The activists say the Colorado Oil and Gas Conservation Commission (COGCC), which regulates natural-gas drilling in the state, has been providing the county commissioners with false assurances that fracking — which involves injecting high-pressure sand, water and undisclosed chemicals into gas wells to free up more gas — does not pose a threat to groundwater supplies.
“It’s not an argument about stopping gas drilling by any means,” said Meixsell, who's with the Grand Valley Citizens Alliance (GVCA). “It’s an argument about not using undisclosed and toxic chemicals and not using carcinogenic chemicals. It’s an argument about being a little more prudent about protecting people’s health and water quality.”
Meixsell said there are several cases in Garfield County, which is Colorado’s undisputed epicenter of Western Slope gas production, that show a pattern of problems with fracking, which was exempted from the Safe Drinking Water Act in 2005 under the Bush administration.
Meixsell on Monday introduced more evidence from some of those cases, including that of Larry and Laura Amos of Silt, whose water well exploded in 2001 after nearby gas wells were fracked. The Canadian company EnCana denies the Amos’s well was contaminated by fracking, but did reach a settlement with the couple, who later moved away.

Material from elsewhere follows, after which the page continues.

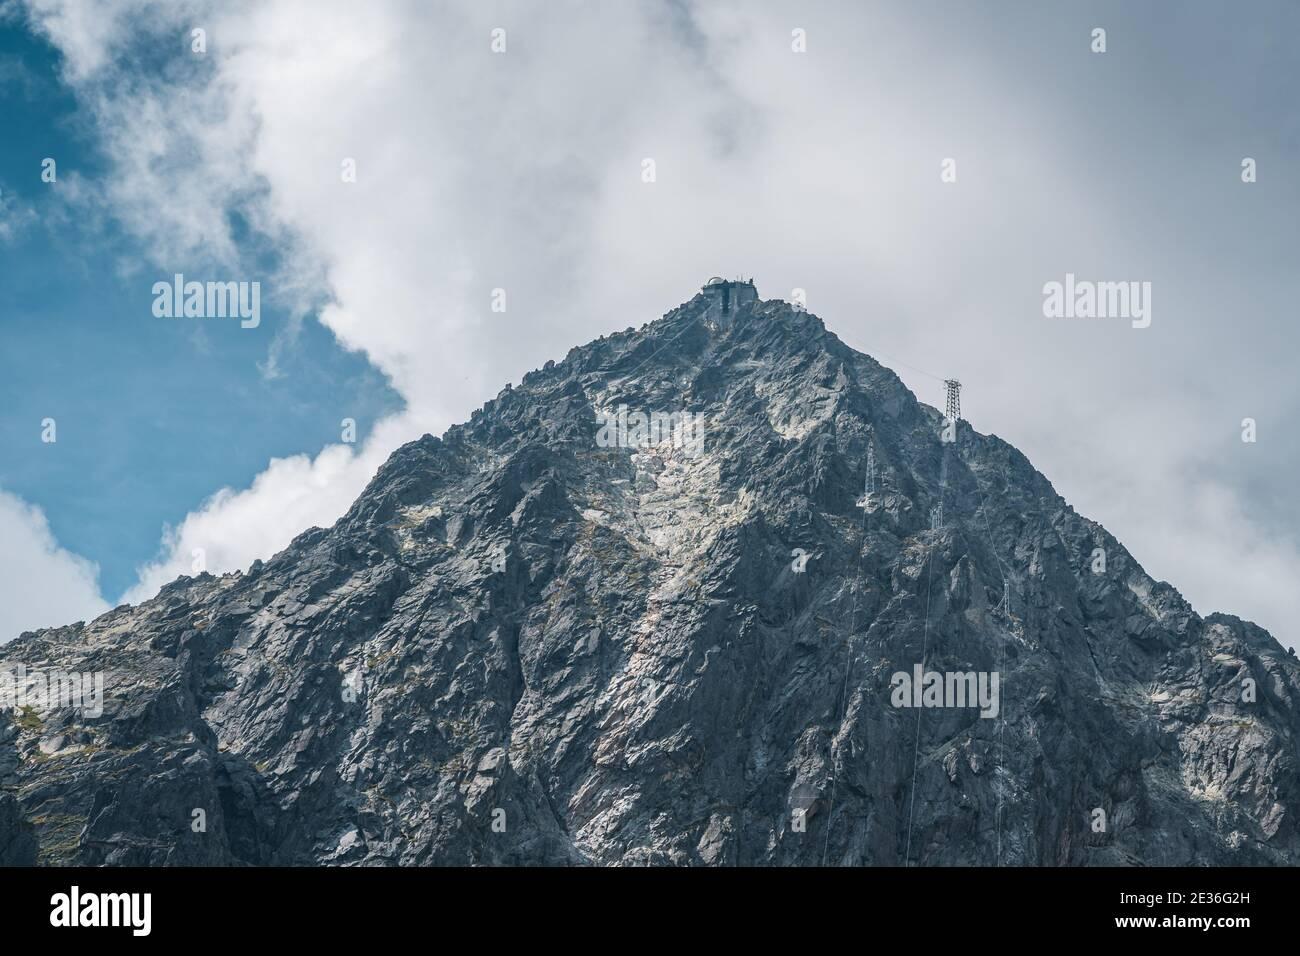 Blick auf den Lomnicky Stit Gipfel, berühmten felsigen Gipfel in der Hohen Tatra, Slowakei. Wolkiger windiger Tag. Stockfoto
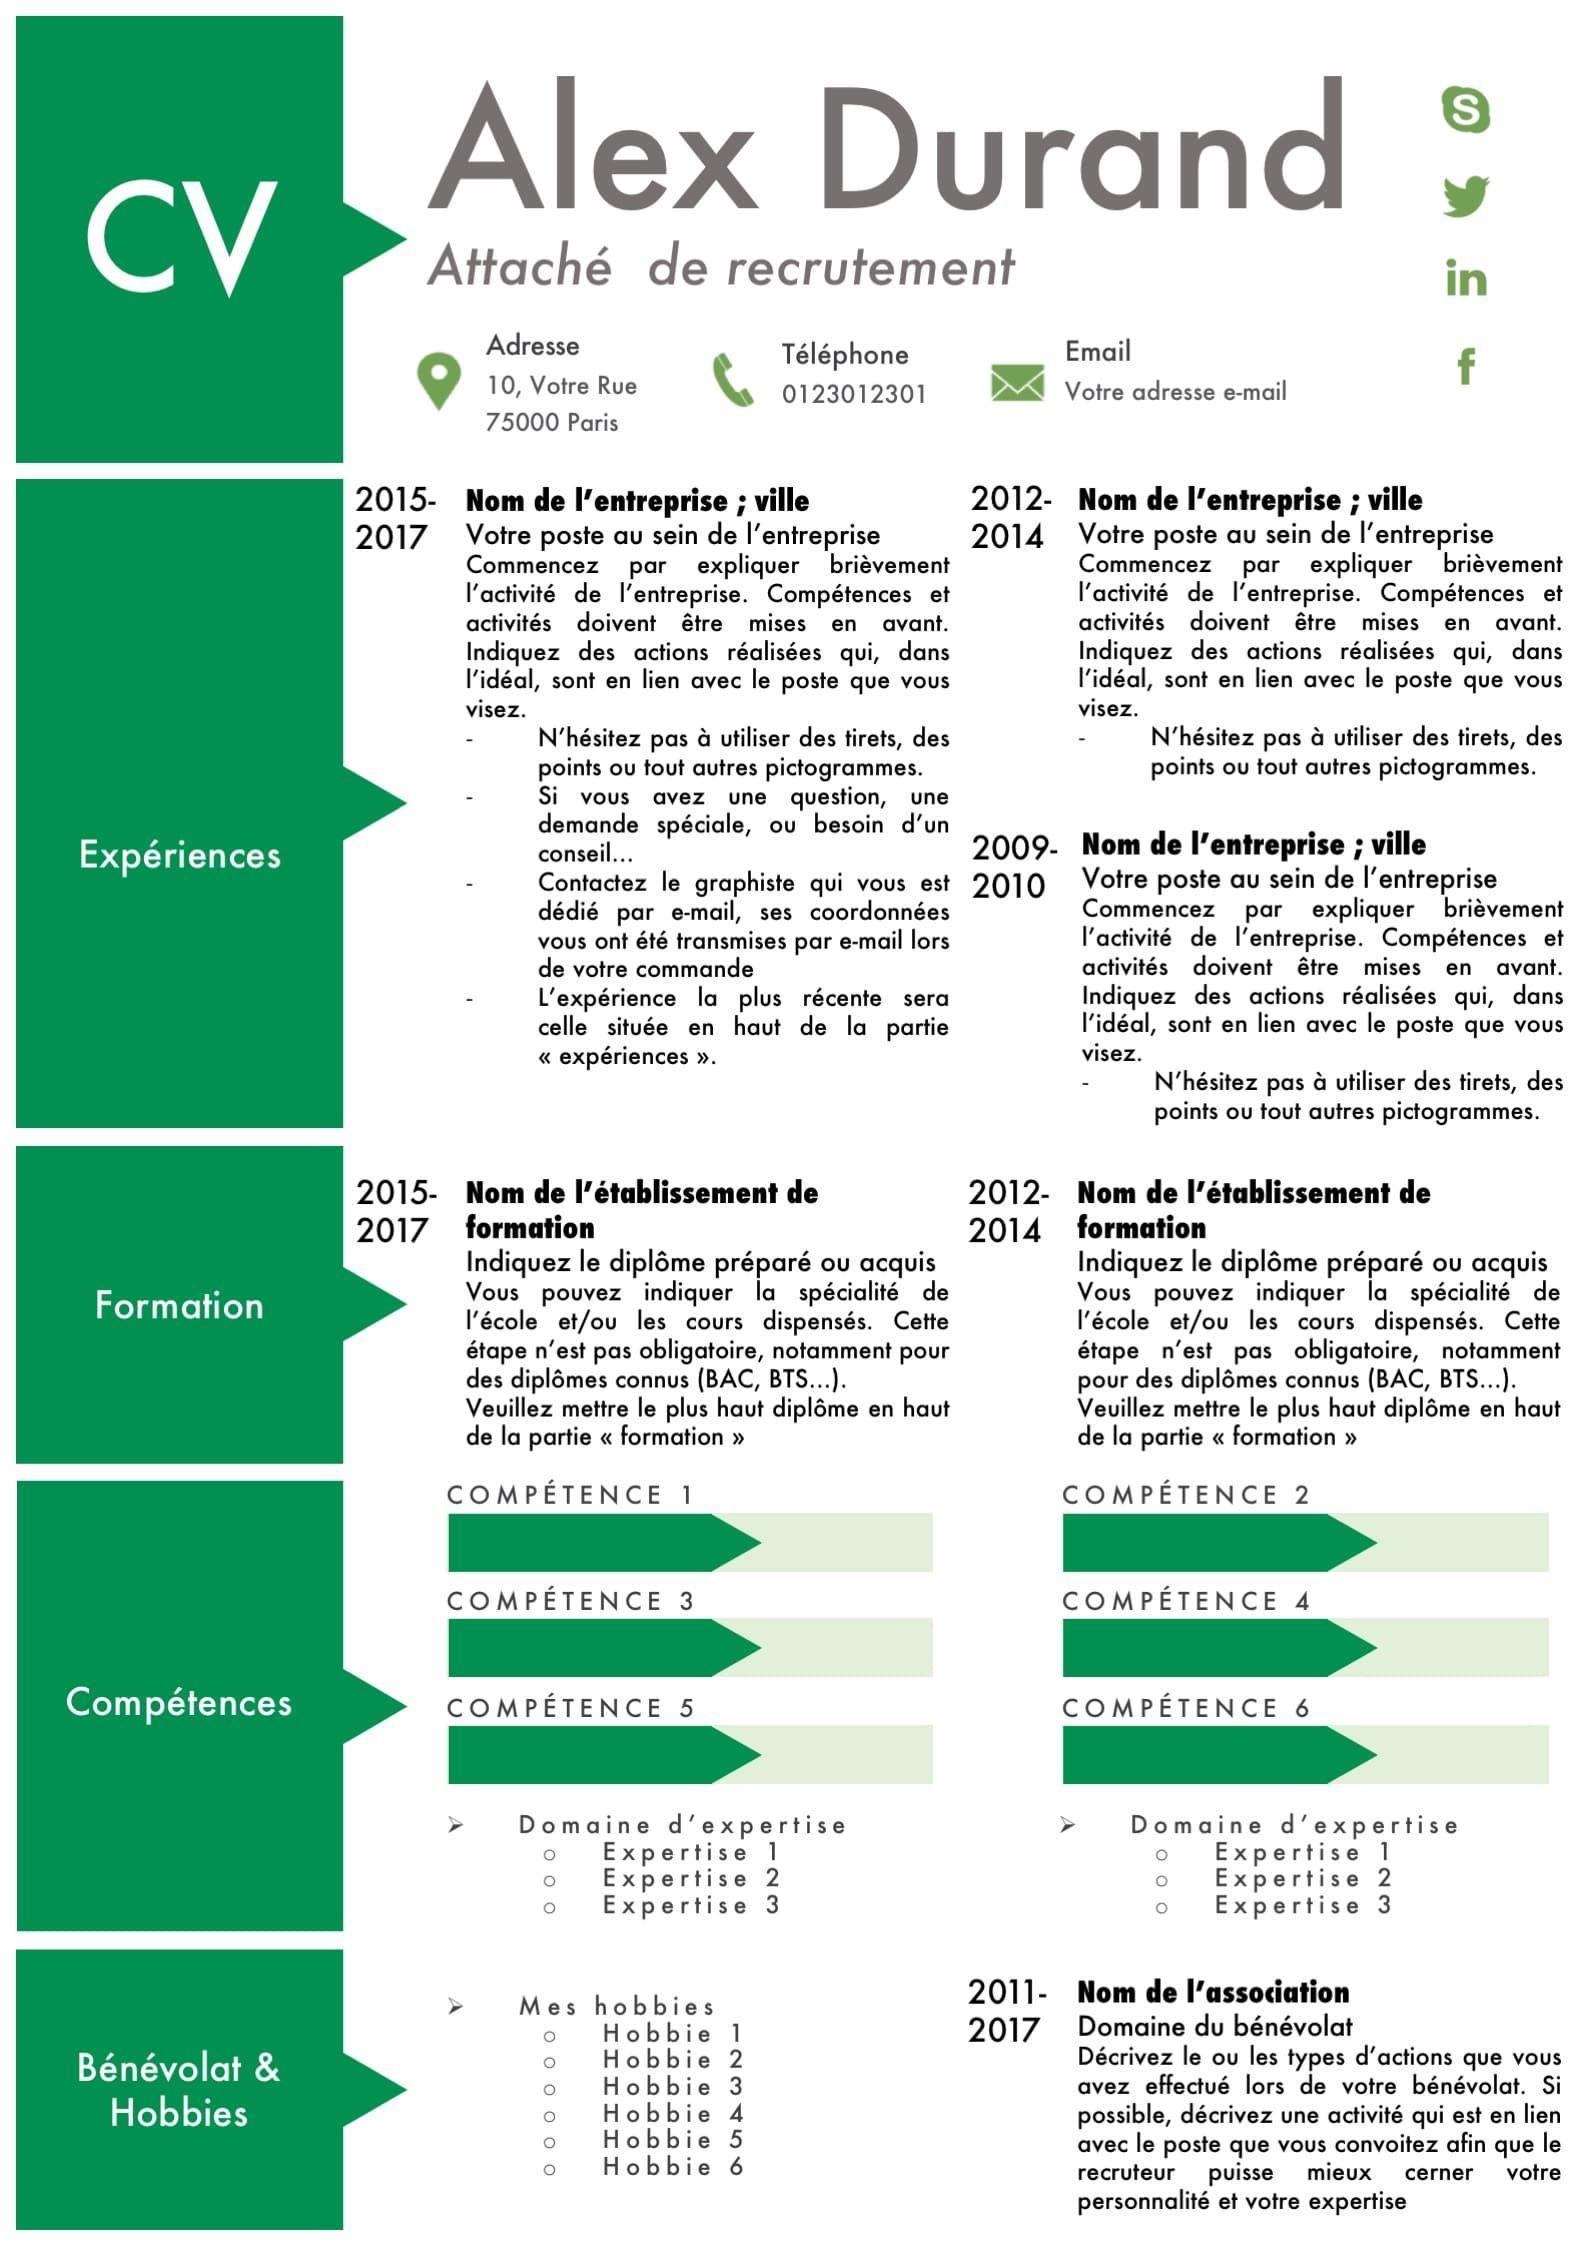 cv vert avec des pictogrammes et des compartiments pour structurer les exp u00e9riences  beau cv  u00e0

The GVCA, along with the Western Colorado Congress, also called on the commissioners to implore the Colorado Department of Public Health and Environment to study the effects of drilling chemicals on the Battlement Mesa community of more than 5,000 people, where a Denver company wants to drill 200 gas wells from 10 pads in close proximity to homes and town facilities. The two groups want the state to increase drilling-rig setbacks from homes from the current 150 feet to at least 1,000 feet.
David Neslin, director of the Colorado Oil and Gas Conservation Commission (COGCC), has said an EPA mandate that the state start issuing fracking permits would spread his staff too thin and potentially take it away from other key oversight obligations. He believes the process is covered in COGCC’s recently revised drilling regulations.
And he also disagrees with the findings of an independent geologist, Dr. Geoffrey Thyne, who has produced several reports for Garfield County detailing elevated levels of methane in groundwater since the most recent gas boom began about a decade ago. Thyne also has concluded fracking may be at least partially responsible for some local cases of well contamination and that more study would be prudent given the big spike in how often the process is now employed.
“We just respectfully disagree with his conclusions that he articulated in his report to the county,” Neslin said. “That said, the staff did discuss with the commissioners the possibility of collecting additional longitudinal data on groundwater quality in that area.”
Neslin added the COGCC is already doing something similar in La Plata County.
“Now, there are a lot more wells drilled in Garfield County than there are in La Plata County, so I don’t think we’d be looking at something where every water well in proximity to a gas well gets sampled,” he said. “But we will certainly investigate the possibility of developing a sampling program that would create this kind of more long-term picture of groundwater quality in that area.”
Thyne was among a handful of scientists, including an EPA whistleblower, who felt the 2004 EPA study of fracking was flawed. Neslin said he has not read that report but still disagrees with Thyne’s conclusions about groundwater quality in Garfield County.
“And even if we disagree with him about whether there has been a change to date, it still might be prudent given the level of drilling that’s occurred and is expected to put something like that [testing] in place so we’re not having a similar discussion five years from now,” Neslin said.